*** DATA SHOWN ***

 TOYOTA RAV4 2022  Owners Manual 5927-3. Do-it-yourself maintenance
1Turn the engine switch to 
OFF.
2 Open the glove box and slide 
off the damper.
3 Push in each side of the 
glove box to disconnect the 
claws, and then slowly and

*** End of DATA SHOWN ***
*** DATA SHOWN ***

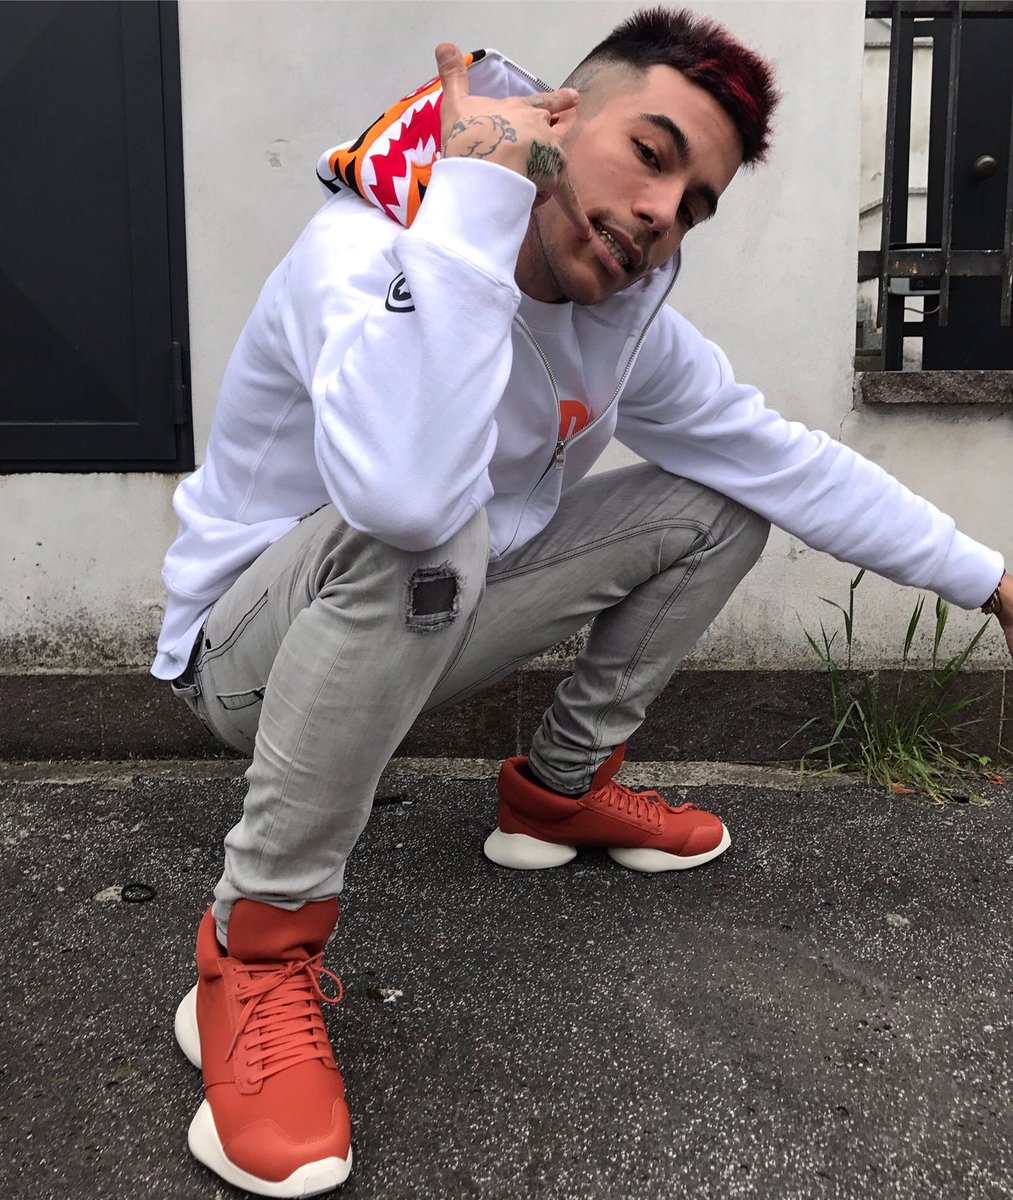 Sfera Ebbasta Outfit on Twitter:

*** End of DATA SHOWN ***
*** DATA SHOWN ***

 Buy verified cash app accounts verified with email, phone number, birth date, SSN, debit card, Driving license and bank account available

*** End of DATA SHOWN ***

EXERCISE REQUIREMENTS -
In your answer, include only the lines above starting at the line that holds "3 Push in each side of the" and ending at the line that holds "claws, and then slowly and", copied exactly.

OUTPUT OF THE EXERCISE -
3 Push in each side of the 
glove box to disconnect the 
claws, and then slowly and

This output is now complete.